Letters to the editor
The latest surprise for the Australian people is the Medicare GP fee, which has not been ruled out by Tony Abbott. The Australian Centre for Health Research (a conservative expert panel) has described the proposed fee as ''a simple but powerful reminder that as far as possible we have a responsibility to look after our own health, not simply pass all the costs of, and the responsibility for, caring for ourselves to fellow taxpayers''.
This is a demeaning statement to those of us who do take responsibility for our health but, due to unforeseen circumstances, have had to see their GP on many occasions this year - as my husband has had to. A fee of $6 each time may not break our bank balance as we are lucky to be able to afford it, but there will be many others who will not be able to.
More will fill emergency departments when they can't pay the fee.

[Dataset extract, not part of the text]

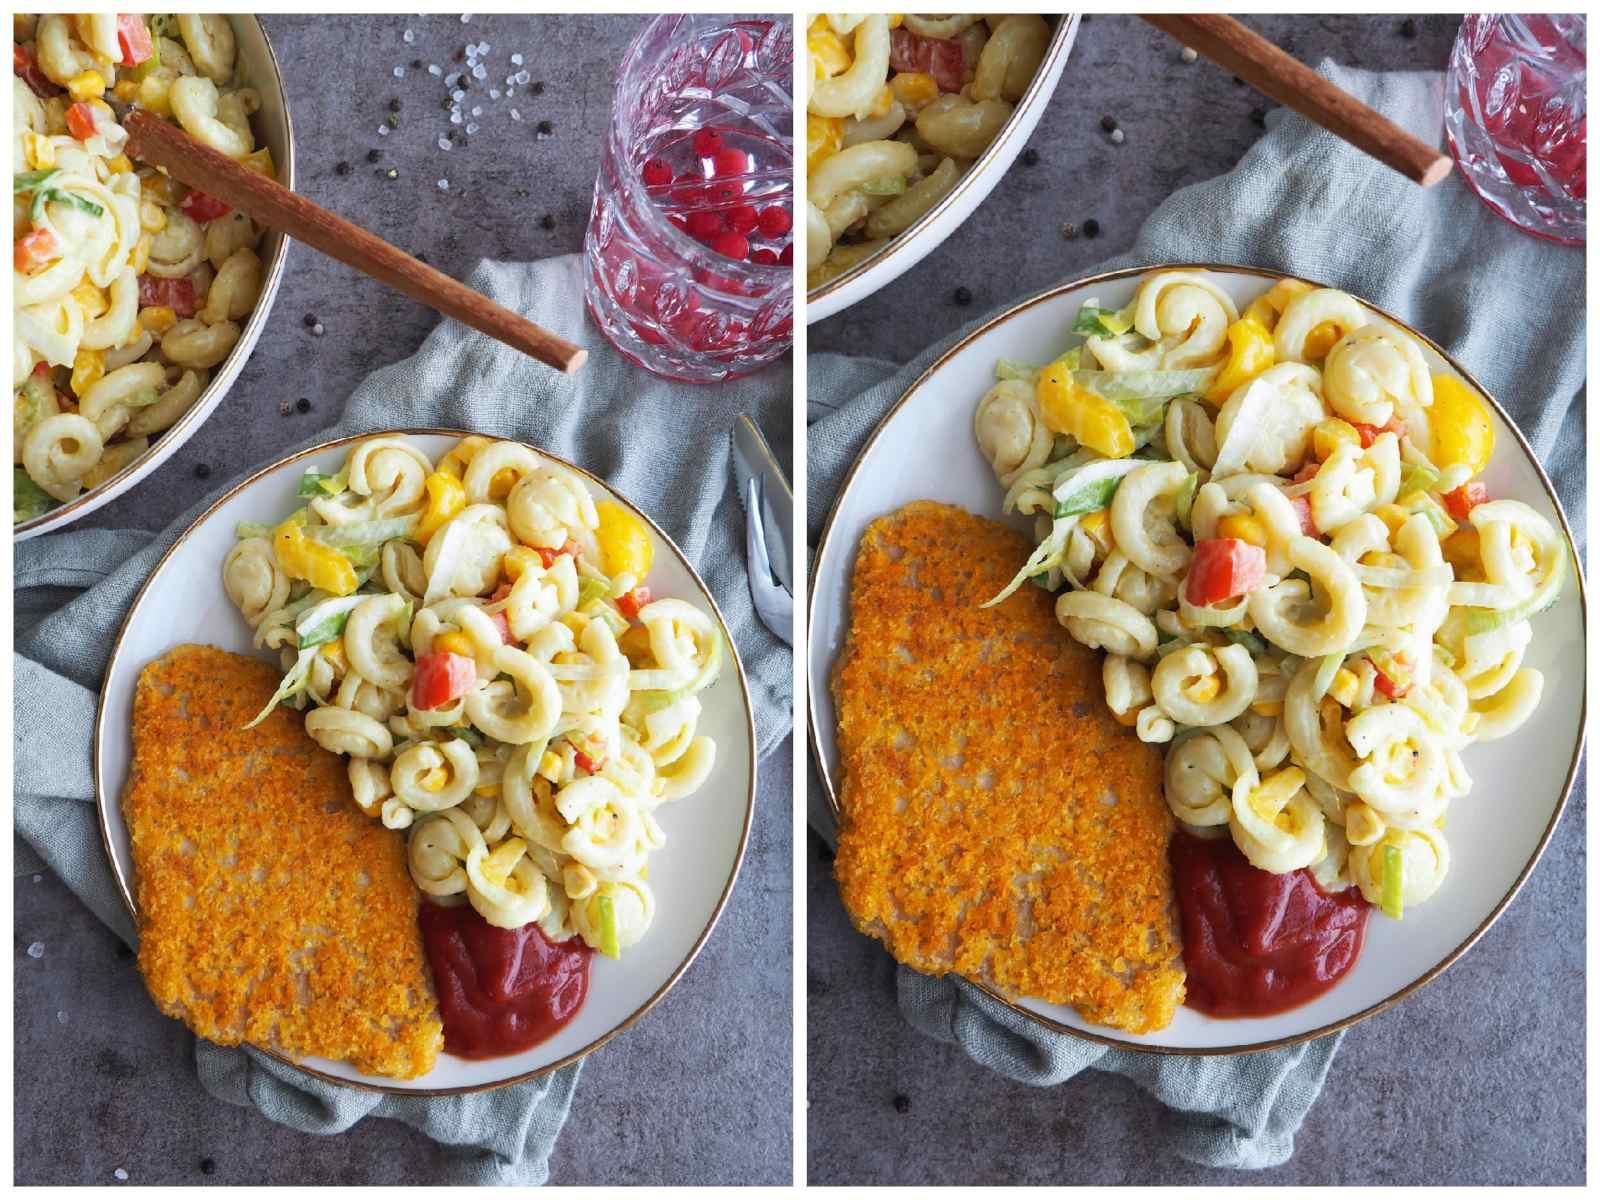 Veganer Trulli Nudelsalat mit veganem Schnitzel und Ketchup auf Teller

Once again, this Abbott government is proving to be one of the most uncaring, unfeeling governments known to the Australian people. The surprises keep coming and the Australian people, I'm sure, are now regretting the outcome of the election. Too late I'm afraid.
Jan Gulliver, Lyneham
The proposed $6 charge on visits to the doctor is not much of an imposition on poor people, but there is an ideological reason for it not to be introduced. The conservatives must realise that any attack on the present health system could enable the return to power of the Labor Party, and none of us want that after the disaster of the last lot.
Peter Slim, Midland, WA
Eye of the beholder
H. Ronald (Letters, December 30) claims there are no conservative ABC presenters on opinion or current affairs programs apart from Amanda Vanstone. How does he know? Presenters do not generally claim party affiliation or state who they vote for.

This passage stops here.